Der Riese schöpft wieder Kraft

Von Alexander Eberan und Karl Freidl

Gastkommentare

Chinas Wirtschaft soll heuer um 5 Prozent wachsen. Aber auch höhere Schulden sind eingeplant.


Die Neubildung der Führung in Peking unter Staats- und Parteichef Xi Jinping ist abgeschlossen. Die strikte Null-Corona-Politik setzte China schwer zu, heuer soll nun die Erholung im Vordergrund stehen. Das Ziel ist ein Wachstum von 5 Prozent.
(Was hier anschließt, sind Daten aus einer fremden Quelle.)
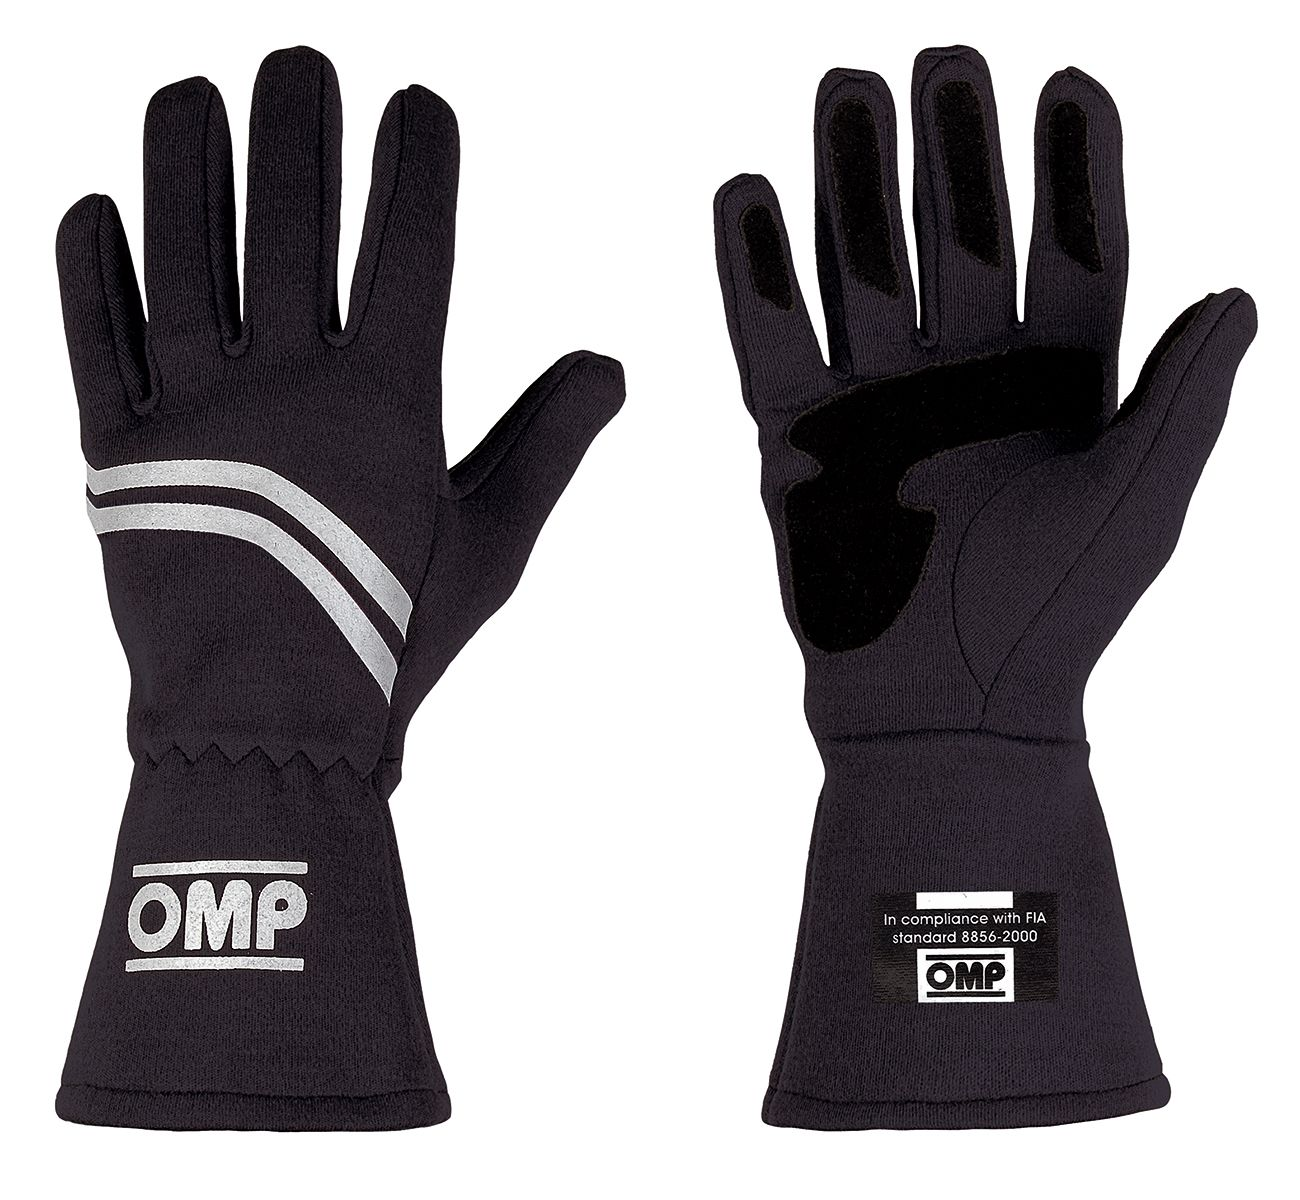 Omp Dijon Race Gloves Jet Black Gloves Racing Racing Gear

Fast nostalgisch wirkt der Blick auf die 2000er Jahre, als China weltweit als der große Wachstumstreiber galt und der BIP-Zuwachs Spitzenwerte bis zu 14 Prozent erreichte. Für 2022 hatte China 5,5 Prozent Wachstum angestrebt, doch wegen der Belastungen durch Lockdowns und Zwangsquarantänen konnten nur 3 Prozent erreicht werden. Das war die zweitschlechteste Wachstumsrate seit 1976 und nur wenig mehr als im Jahr 2020 zu Beginn der Pandemie mit 2,2 Prozent. Für 2023 wird nun zur Belebung der Konjunktur eine etwas höhere Neuverschuldung in Kauf genommen. Das Defizit soll rund 3 Prozent der Wirtschaftsleistung betragen. 2022 stand ein Defizit von 2,8 Prozent im Plan.

Mit 1,4 Milliarden Menschen ist China derzeit das bevölkerungsreichste Land der Welt. Noch. Modelle sagen voraus, dass es heuer von Indien überholt wird. Das Reich der Mitte zählt offiziell zu den Schwellenländern, die sich in der Regel unter anderem durch eine stark wachsende Bevölkerungszahl definieren. Allerdings schrumpft diese Zahl in China seit dem Vorjahr zum ersten Mal seit Jahrzehnten. Dies widerspricht den UN-Prognosen, wonach der Rückgang erst in neun Jahren beginnen sollte. Die Überalterung der Bevölkerung wird für die chinesische Volkswirtschaft eine dauerhafte Belastung darstellen. Auch der für China so wichtige Immobilienmarkt, der nach den Turbulenzen des Vorjahres nur langsam wieder auf die Beine kommt, ist eine Baustelle.

Nichtsdestotrotz ist die chinesische Wirtschaft von einer starken Dynamik und Kraft gekennzeichnet. Die Aufhebung der strengen Corona-Maßnahmen löste bei vielen Unternehmen in China kurzfristig eine regelrechte Euphorie au. Der chinesische Einkaufsmanagerindex stieg im Februar auf den höchsten Stand seit mehr als zehn Jahren. Landwirtschaft, Handel, Technologie und Finanzen sind die dominanten Sektoren, während eine wachsende Mittelschicht immer mehr Konsumgüter und Dienstleistungen nachfragt. Dies ist ein wichtiger Treiber für das Wachstum in vielen Branchen. Das Land ist auch bekannt für seine Fähigkeit, Technologie zu nutzen, um innovative Lösungen zu schaffen und neue Branchen zu entwickeln. Die chinesische Regierung hat in den vergangenen Jahrzehnten stets eine sehr aktive Rolle bei der Förderung des Wachstums gespielt.

Für heuer plant die Regierung, die Wirtschaft unter anderem durch die raschere Umsetzung von Großprojekten, die bereits im laufenden Fünfjahresplan beschlossen wurden, zu unterstützen. Auch zusätzliche Stadterneuerungsprojekte sind im Budget vorgesehen. Außerdem soll es höhere Transferzahlungen von Peking an die Lokalregierungen geben. In den Städten sollen zwölf Millionen neue Jobs geschaffen werden, das ist eine Million mehr als im Vorjahresplan vorgesehen. Die Regierung strebt eine Arbeitslosenquote von rund 5,5 Prozent an. Für die Inflation wird eine Rate von 3 Prozent angepeilt.